The California Legislature just sent another “stop me before I vote again” bill to the Governor. Assembly Bill 890 proposes to limit severely the scope of voter-sponsored, pro-development land use initiatives. The Governor has until October 15th to decide whether to sign the bill into law. The actual effect of AB 890, if enacted, may need to be resolved in litigation.
*** Update: On October 15th, Governor Brown vetoed AB 890 ***
The bill would enact new provisions of the Government Code that delegate exclusive authority to city councils and boards of supervisors to determine certain general plan, specific plan and zoning decisions. Courts have determined that when the legislature delegates authority over an issue exclusively to councils and boards, voter action regarding those issues is precluded. However, AB 890 also purports to preserve to the voters their power of referendum, and to allow councils and boards of supervisors to place pro-development measures on the ballot. AB 890 also proposes to prohibit the approval or amendment of a development agreement by initiative, while retaining provisions of existing law which state that a development agreement is a legislative act subject to referendum.

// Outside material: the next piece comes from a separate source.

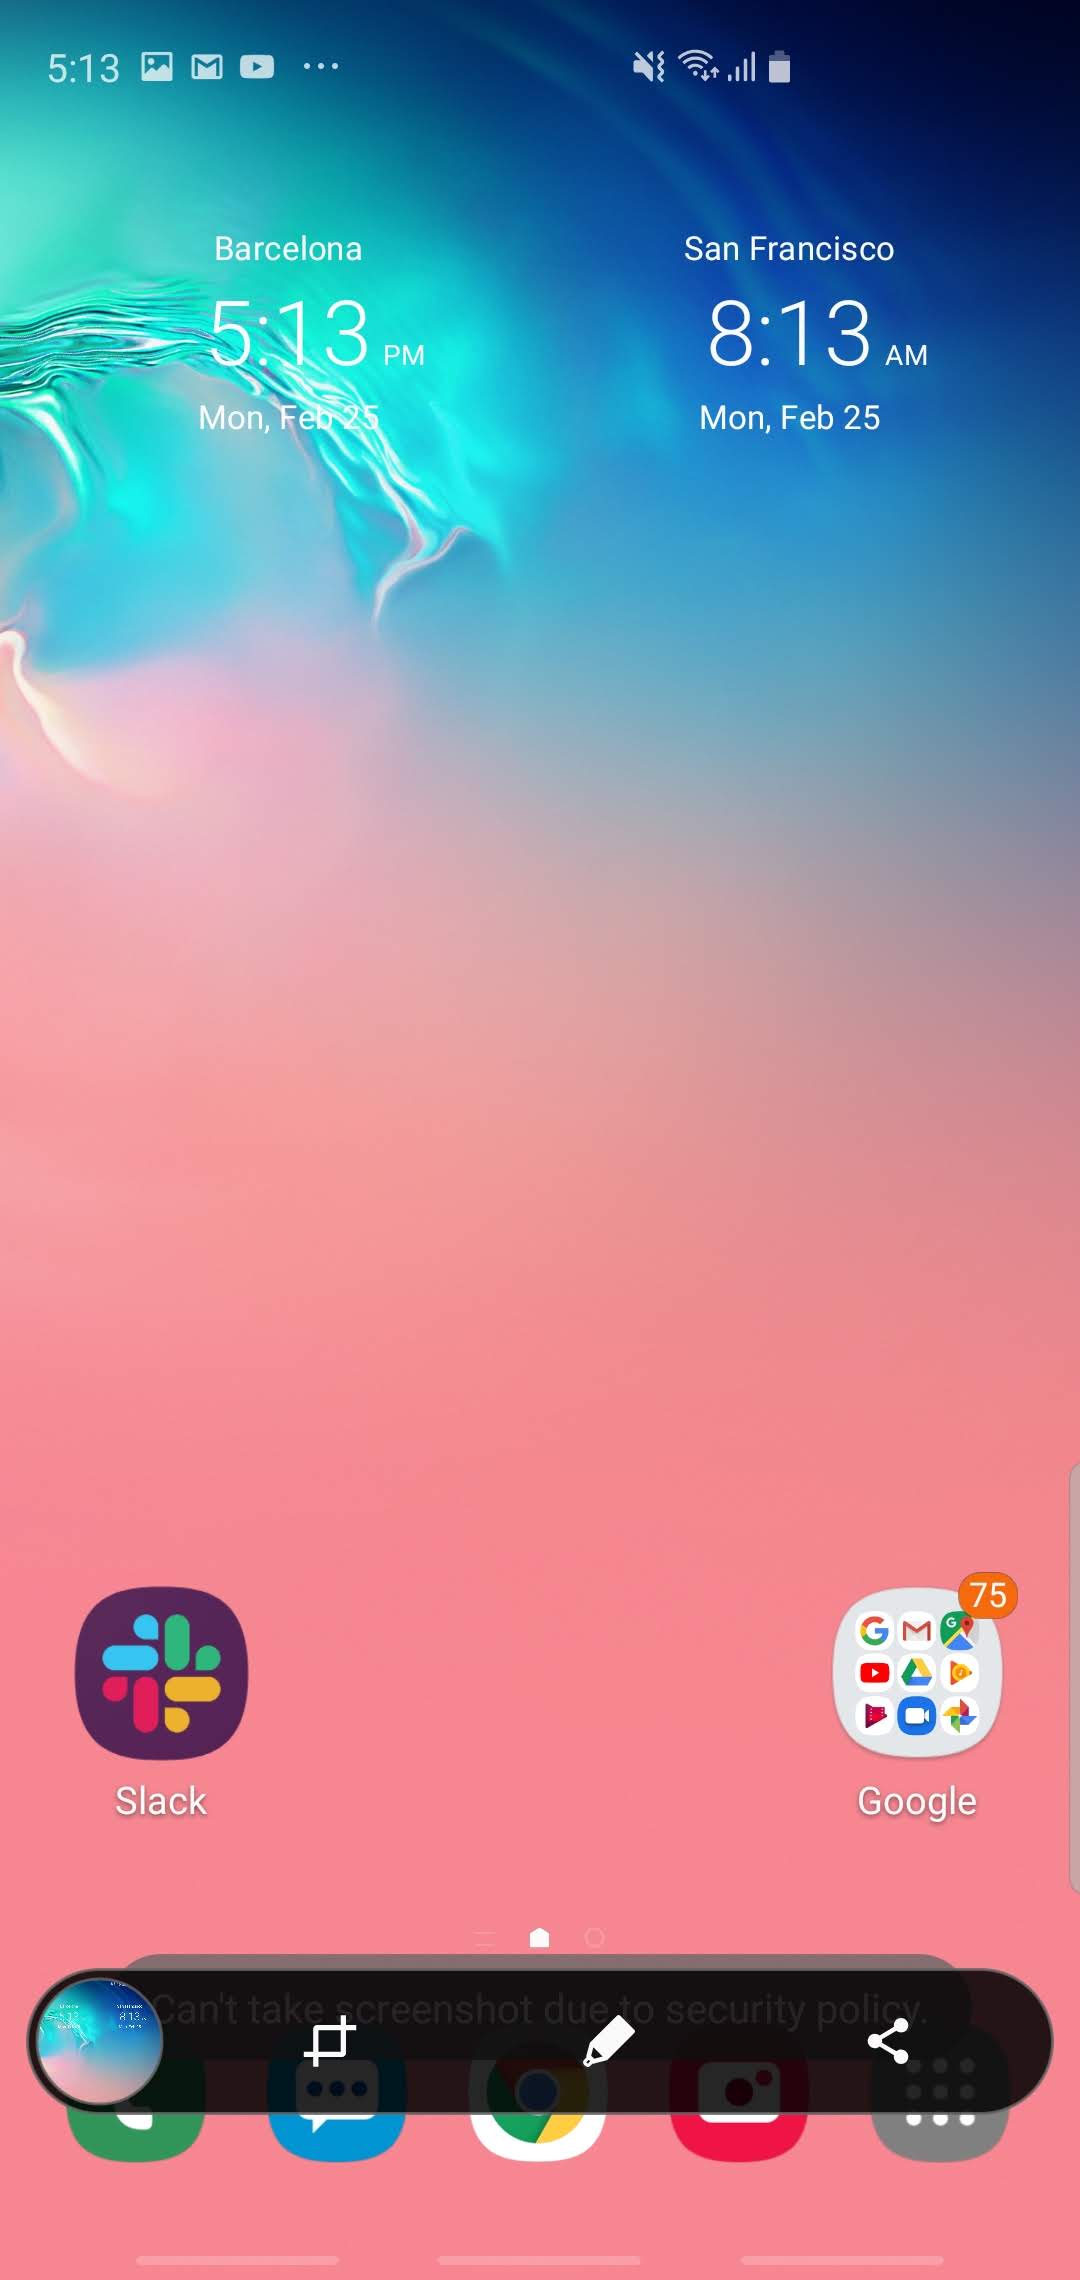 Samsung Galaxy S10 Plus home screen screenshot

AB 890 states that it applies to charter cities as well as general law cities.
The general plan, specific plan and zoning decisions that would be exclusively delegated under AB 890 (and therefore could not be pursued in a voter-sponsored initiative) are those that would:
- Convert a discretionary land use approval necessary for a project to a ministerial approval.
- Change a land use designation or zoning district to a more intensive designation or district, with the most intense use defined as industrial uses, followed by commercial uses, office uses, residential uses, and then agricultural or open-space uses.
- Authorize more intensive land uses within an existing designation or district.